Currently, the coal-fired White Bluff Units 1 and 2 and Independence Steam Electric Station (ISES) Units 1 and 2 are not equipped with the necessary controls to achieve Mercury and Air Toxics Standard (MATS) compliance.
That is according to Aug. 26 rebuttal testimony filed at the Arkansas Public Service Commission in a rate case from Kurtis Castleberry, Director of Resource Planning for Entergy Arkansas.

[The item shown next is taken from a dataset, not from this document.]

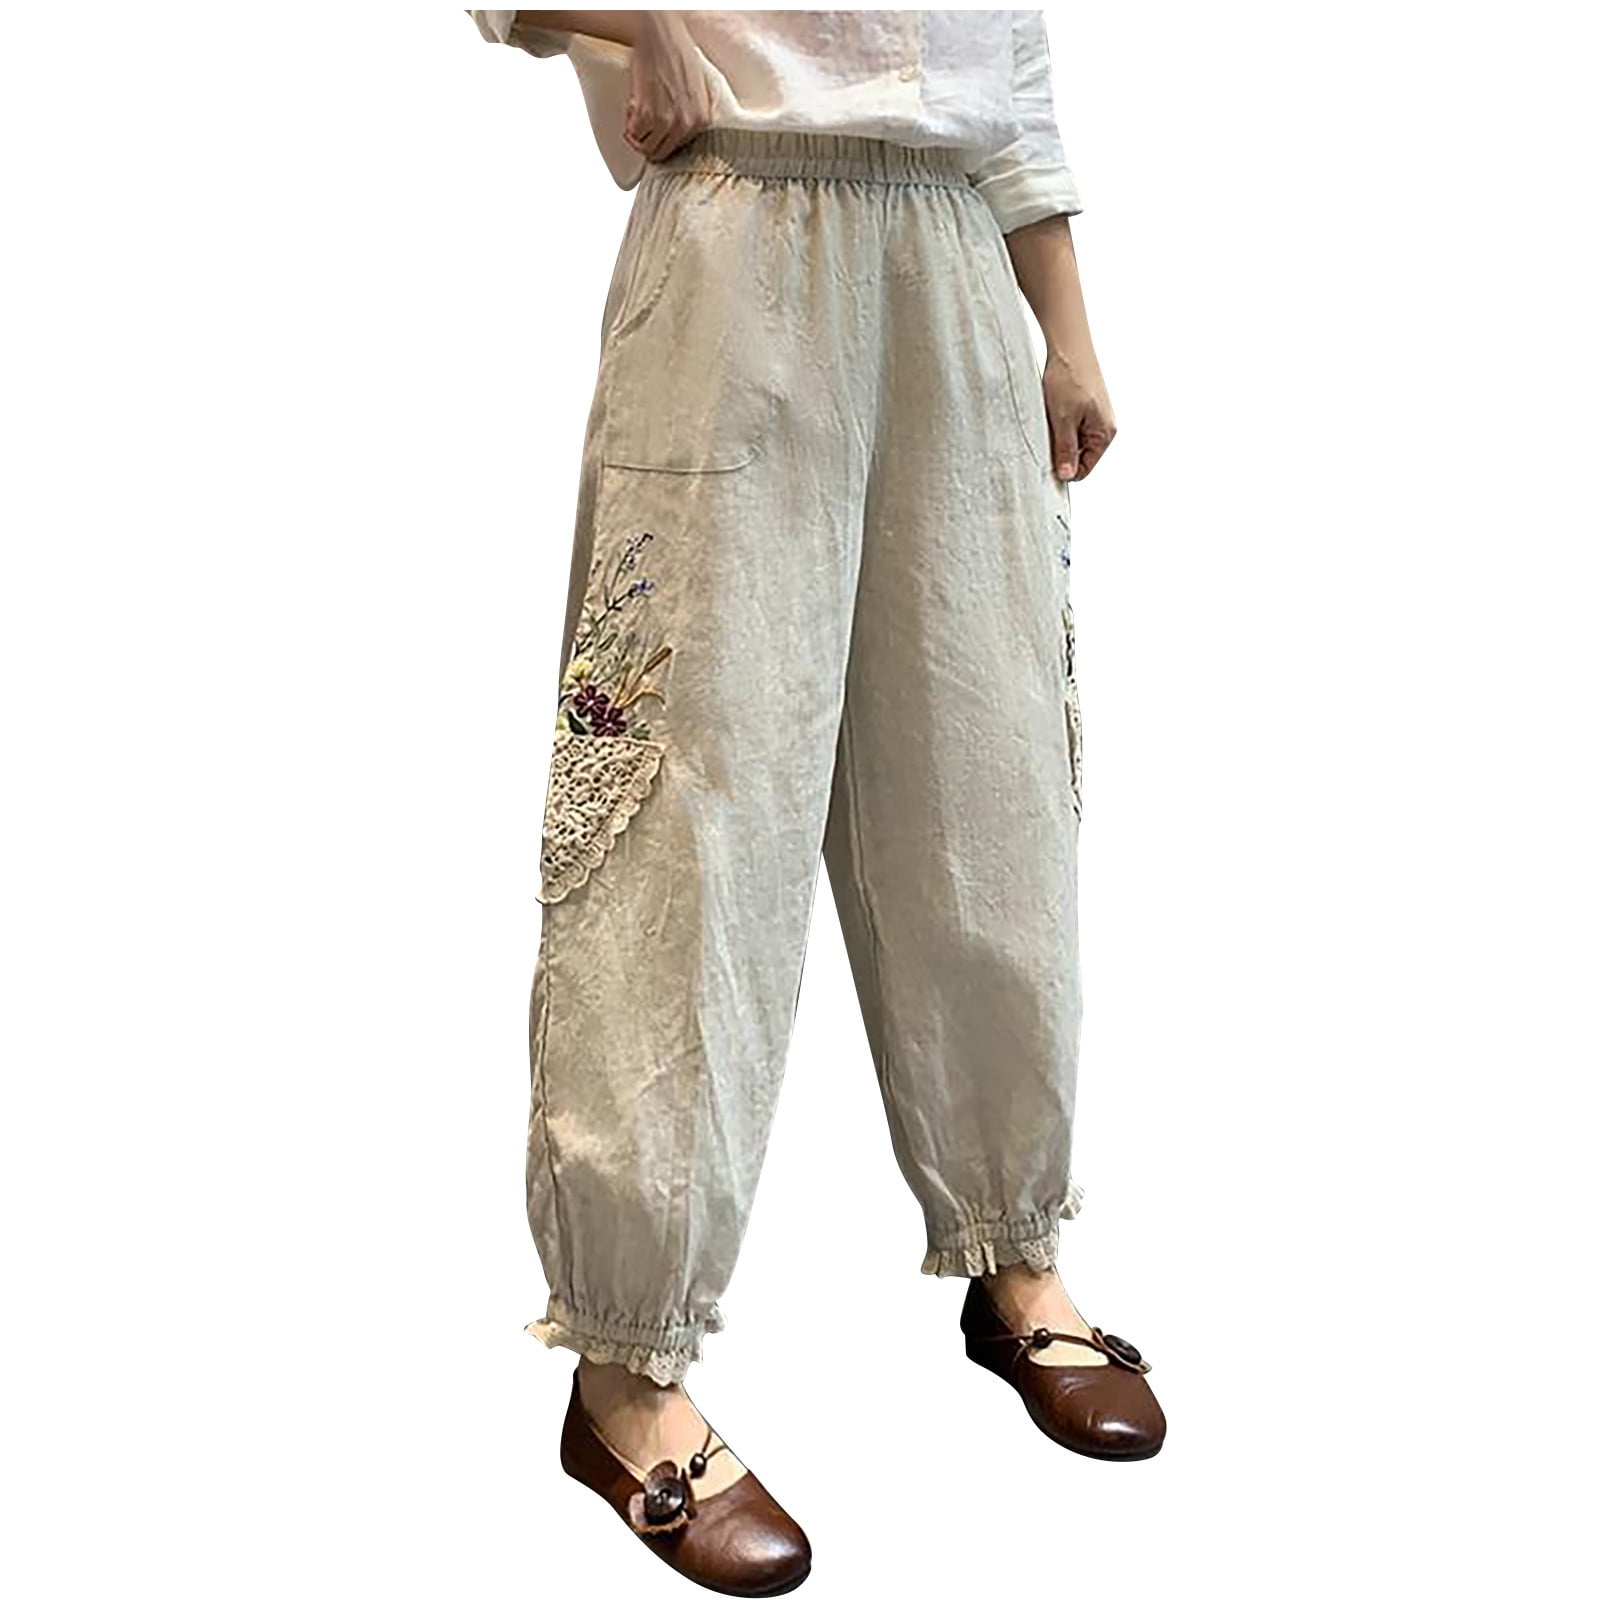 VSSSJ Pants for Women Cotton Linen Loose Fit Vintage Embroidery Lace  Elastic Waist Cropped Lantern Pants Casual Comfortable Trousers with Pocket  Beige XL

The original deadline for MATS compliance at White Bluff and ISES was April 16, 2015. However, Entergy Arkansas has secured a one-year extension until April 16, 2016, from the Arkansas Department of Environmental Quality (ADEQ) for these plants.
EAI has committed to ADEQ to install activated carbon injection and calcium bromide injection systems at each of the units at White Bluff and ISES. These controls will be operational during 2015, Castleberry noted.
The amount of the commodities needed, activated carbon and calcium bromide, needed to run these systems for MATS compliance is a function of how much electricity is generated at White Bluff and ISES in the future. Neither the amount nor the price of the commodities that will be needed in the future can be known with sufficient accuracy now to include an adjustment in base rates.
White Bluff and Indepedence are each about 1,800 MW size, with their coal primarily from the Powder River Basin in Wyoming, and they each went commercial in the early to mid 1980s.